The Tokyo offices of the biggest Wall Street banks are planning to split staff into groups and drawing-up plans to keep them physically segregated for weeks at a time as the financial sector braces for a major outbreak of the coronavirus in Japan.
Although different banks — including Bank of America, Morgan Stanley and Goldman Sachs — are devising slightly different “split operation” strategies, the broad aim is constant: to confine any intra-company epidemic that does strike a department.
Efforts at JPMorgan involve dividing staff across different parts of the business into an A and B team, according to people familiar with plans. One will work from home for two weeks while the other will continue to work in the main Tokyo office during that time. At the end of that period, they will switch but under strict conditions that members of the A and B teams have no physical contact. The two-week period is based on the presumed incubation period of the virus.
Another large US bank is planning to make each switch at the end of one-month stints, according to people familiar with the plans.

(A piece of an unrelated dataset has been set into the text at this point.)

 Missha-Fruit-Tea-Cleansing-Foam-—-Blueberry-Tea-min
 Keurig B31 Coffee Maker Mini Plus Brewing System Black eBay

Other banks, including Morgan Stanley and BoA, are moving to split operations with three groupings. One group will work in the main office, one from home and the other will base itself in the company’s “business continuity planning” sites — emergency facilities that, in most cases, were envisaged coming into use in the aftermath of a major Tokyo earthquake. Most of those sites are in the outskirts of Tokyo, though some are much further away in Osaka.
All of the banks declined to comment.
A senior staff member at one global financial group said: “There is a lot of planning going on around these split operations, on the basis that we may have to have something like this in place for perhaps months. At the moment we are practising rotating in one- or two-day stints, with an assumption that could switch up to the two-week rotation system any time now.”
The measures have been put in place amid heavy criticism of the Japanese government’s handling of the virus outbreak, and an explicit plea by Prime Minister Shinzo Abe for companies to let staff work remotely if possible. That edict has been met, however, by a Japanese corporate culture that has only recently and reluctantly embraced the concept of remote working. Many Japanese companies do not actually have the systems in place to allow it.
On Wednesday, measures to prevent the virus spreading further became more draconian, with schools in the northern island of Hokkaido closing, sports and cultural events being cancelled and the announcement by one property developer that a virus carrier had visited a building in the heart of Tokyo financial district that contains the offices of global law firms, Carlyle and SMBC Nikko Securities.